The insurance options under the Affordable Care Act as well as overhauls of insurance offered by employers have combined to create a huge rise in the number of patients with high-deductible health plans.

The National Center for Health Statistics found that nearly 37 percent of insured patients under the age of 65 were in high-deductible plans in 2014, compared with just 6.6 percent in 2009. In addition, a Kaiser Family Foundation survey of workers covered by company-sponsored health plans found that the average annual out-of-pocket costs per worker shot up 230 percent from 2009 to 2015.

Who pays what has always been a conundrum in healthcare, but current trends are putting immense pressure on providers to shift through the complexities of patient insurance and manage sticker shock. There are compelling business reasons to do so: Under the value-based purchasing program from the Centers for Medicare and Medicaid Services, a sizable portion of reimbursement is tied to patient satisfaction scores, and patients who unexpectedly face high out-of-pocket costs tend to be unhappy about their patient experience.

“Patient satisfaction is influenced by the patient’s perspective of whether or not the care received was ‘worth’ the price paid out of pocket,” says Kevin Ormand, a principal at the Chartis Group, a Chicago-based healthcare advisory firm. “Circumstances like this are an unfortunate byproduct of the multiple hand-offs inherent across the health system. Regardless, the onus is on the providers to do all possible to ensure a positive patient experience.”

As a result, providers are installing tools that enable them to get real-time information about where patients stand with their health insurance in terms of deductibles and co-insurance, as well as being more transparent about the costs of services. Some also are utilizing analytics to understand a patient’s financial situation and calculate their ability and propensity to pay higher out-of-pocket costs.

But bulking up on technology is just part of the response. Just as, if not more, important is providing the human touch to patient interactions, says Bob Shapiro, chief financial officer at Northwell.

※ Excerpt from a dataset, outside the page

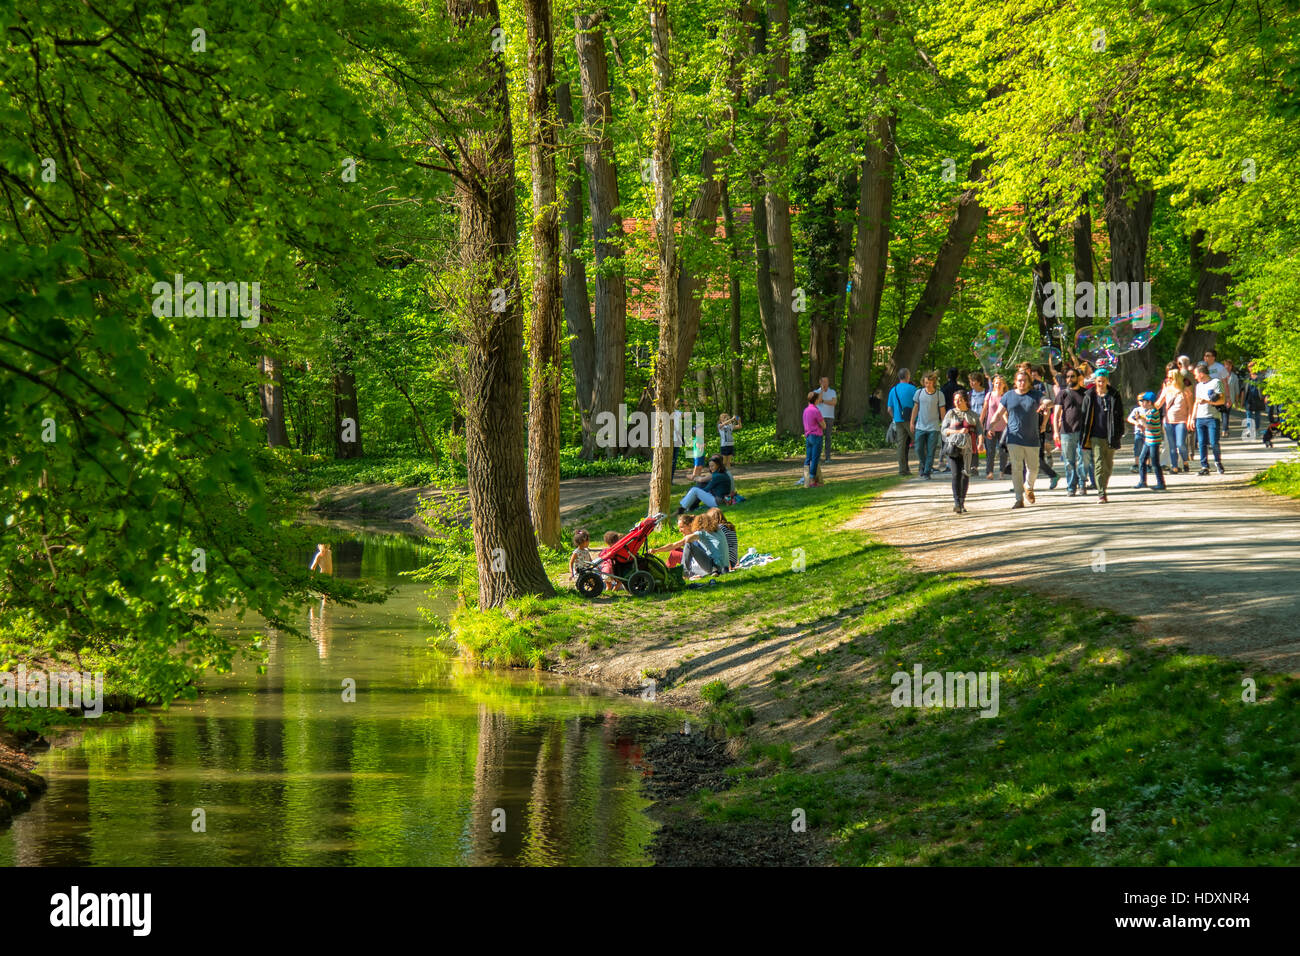 Englischer Garten park in Munich Stock Photo

“We have a lot of tools and information available to us and our patients, but the real critical component of these efforts is to make sure patients know there’s a person on the other end of the technology that can answer their questions and help them,” Shapiro says.

“Registration and other patient-facing staff in our hospitals are challenged to accurately check in each patient, provide them the best possible experience, and assure efficient patient throughput in a very busy environment,” says Northwell CIO John Bosco. “Adding an additional function and asking them to access yet another piece of technology to complete their work can often be a bigger burden than we realize. So, integration of patient access technologies to make them user friendly and efficient is probably the most important technical challenge to overcome. This can be difficult, as most of these technologies were developed independently and never intended to work seamlessly together. “

Technology can help staff prepare for the sticky discussion of patient responsibility for bills, Bosco says. “Our staff needs to accurately understand the patients financial responsibility as well as that patients propensity to pay that responsibility. There are multiple tools available to provide that information. However plan designs are becoming more and more complicated and delivering accurate and timely information of this nature to the point of service remains challenging. “

Hospital financial executives agree that one impetus behind their efforts is that patients footing those larger bills are getting smarter about their options, increasing competition in local markets. “The ‘why’ behind these new services is that consumers are demanding them,” says Steve Russell, director of patient financial services at Evansville, Ind.-based Deaconess Health System, comprising six hospitals and more than 40 outpatient facilities.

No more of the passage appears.